What is Workflow Provenance?
Binary provenance describes the creation of a binary, but workflow provenance describes the actual invocation of that individual binary or the invocation of a binary in the context of a series of steps or a workflow. In its simplest form, the workflow provenance XSD captures the names of the data files used as input and output, the options used to invoke the single binary, and the environment in which the binary was run. Arguments to the binary are captured by recording the command-line that was used to invoke the binary. The processing environment is described similarly to the environment for compilation, but also includes environmental variables that may modify the behavior of the binary. For example, the FSL tools (Smith et al., 2004) use an environment variable called “FSLOUTPUTTYPE” to define the file format of the output image.
Often image processing is complex and non-linear and cannot be represented in a simple script or directed acyclic graph. Data may converge along several lines of processing only to diverge again after a common step. These complex workflows are difficult to document, either for publication or later re-use. Capturing the provenance for these workflows is equally complex, not only requiring the execution order of the individual steps, but how those steps are related to one another, especially in the case of multiple lines of data being processed simultaneously. In order to address this issue we have used the LONI Pipeline Processing Environment (LONI Pipeline; http://pipeline.loni.usc.edu) (Rex et al., 2003) to capture workflow provenance and description.

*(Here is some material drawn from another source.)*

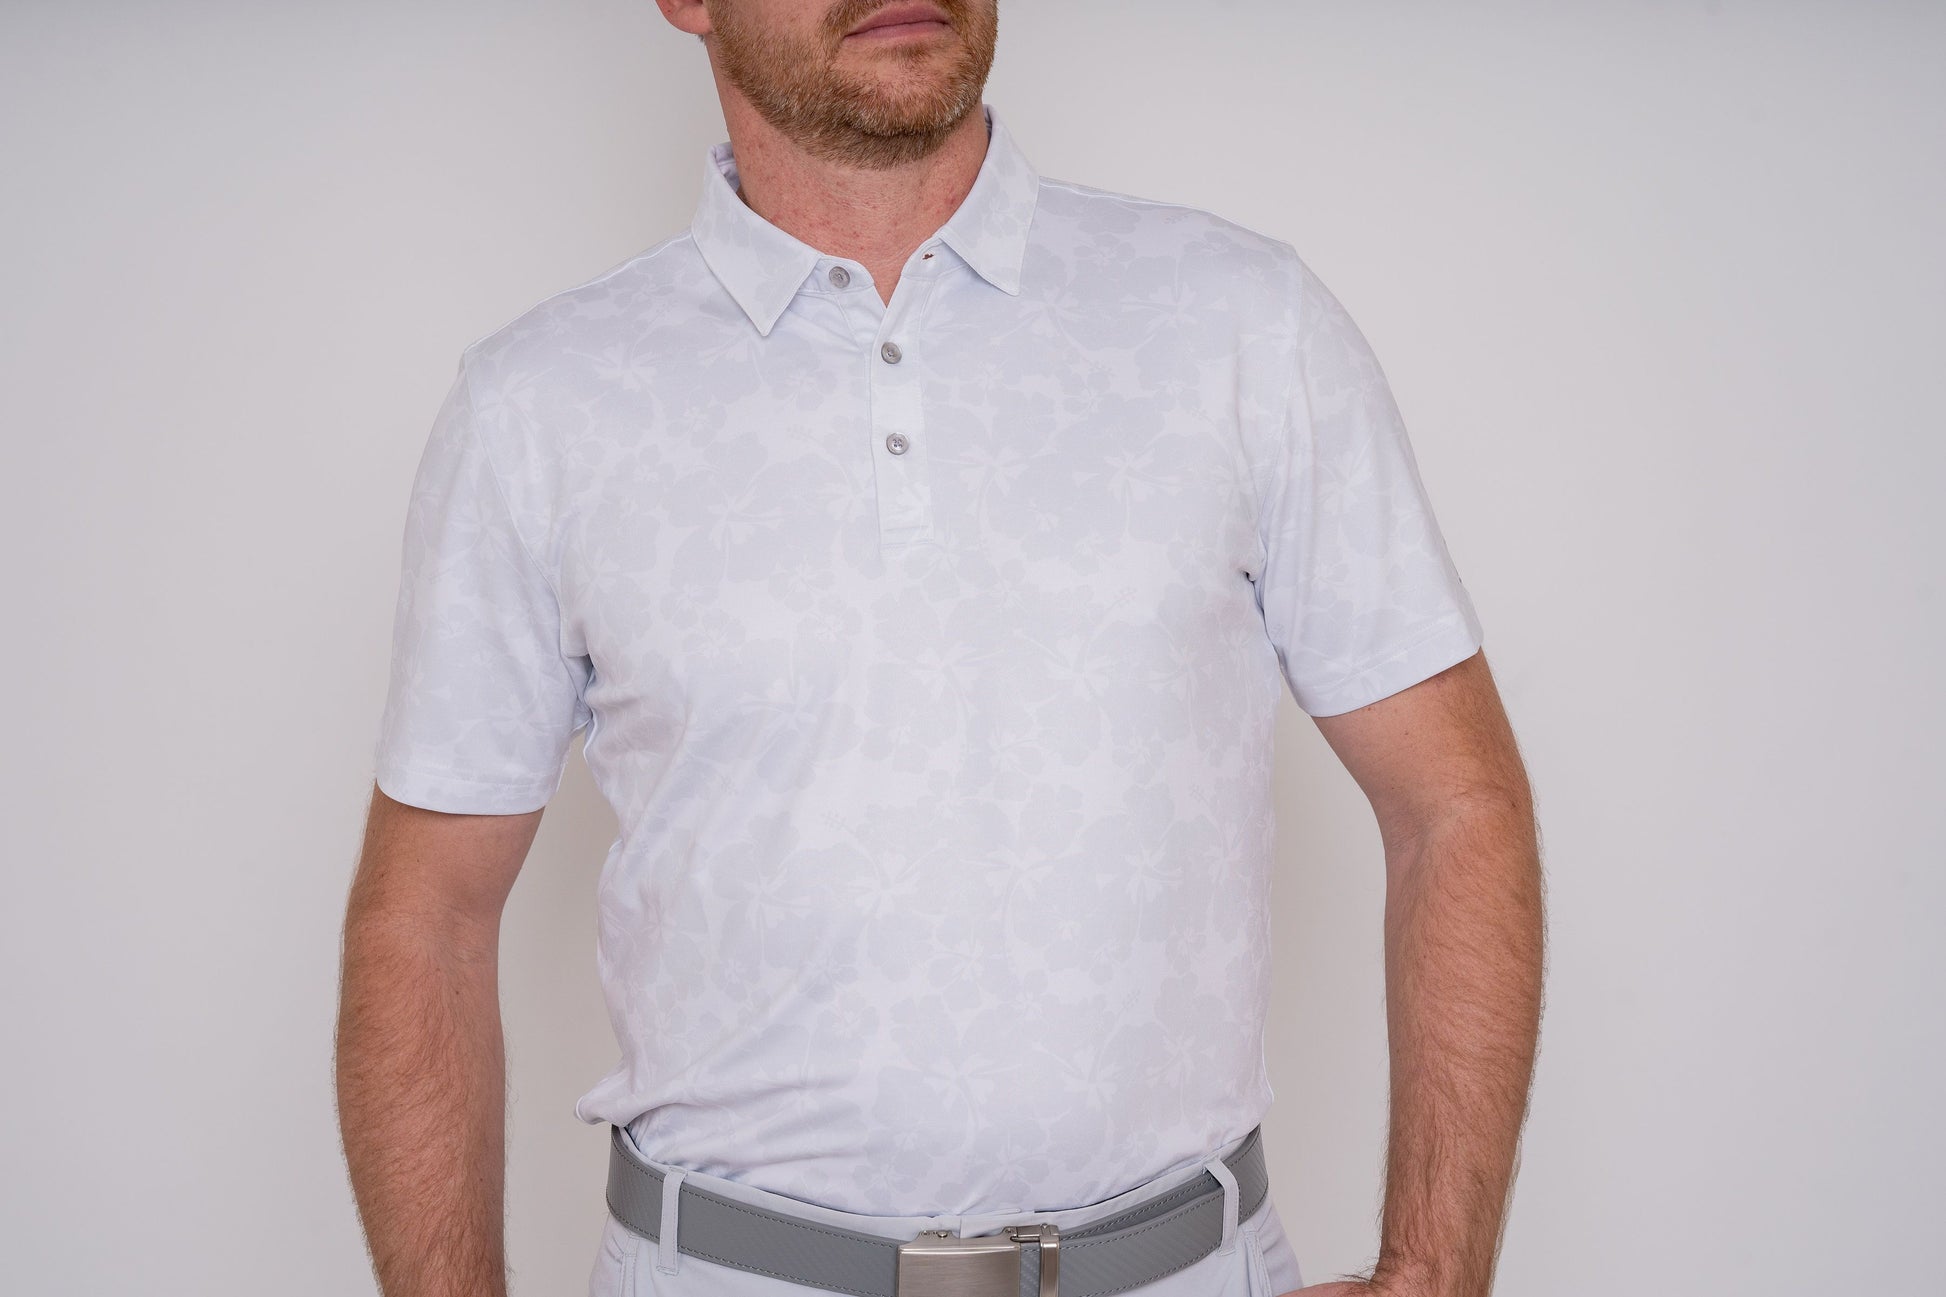 Player's Golf Shirt - White Ghost Hibiscus Men's Golf Shirt Taylor Jordan Apparel White Small

The LONI Pipeline is a simple, efficient, and distributed computing solution to these problems, enabling software inclusion from different laboratories in different environments. It provides a visual programming interface for the design, execution, and dissemination of neuroimaging analyses. Individual executables are represented as “modules” that can be added, deleted, and substituted for other modules within a graphical user interface. Connections between the modules that establish an analysis methodology are represented by a “workflow”. The environment handles bookkeeping, controls the details of the computation, and information transfer between modules and within the workflow. It allows files, intermediate results, and other information to be accurately passed between individually connected modules. Modules and workflows can be saved to disk at any stage of development and recalled at a later time for modification, use, or distribution.
Module Descriptions Individual modules are representations of programs that are present on a LONI Pipeline server (which can also be the client). The modules are XML descriptions of the executables and how they should be invoked from a command-line interface. The module contains text descriptions of all the arguments for the program and a description of the program itself (see figure 2 on the left). Using the LONI Pipeline as an example of workflow software, we have designed the provenance framework to take advantage of context information that can only be kept while using workflow software. Specifically, the use of conditionals between executables, and loops can all be represented in a higher workflow language and associated with a series of executable events in the provenance. More generally, we want to be able to track how data is derived with sufficient precision that one can create or recreate it from this knowledge. Workflow provenance can then be added to the provenance XML file by copying the entire workflow into the file (http://www.loni.usc.edu/Software/NI_Provenance).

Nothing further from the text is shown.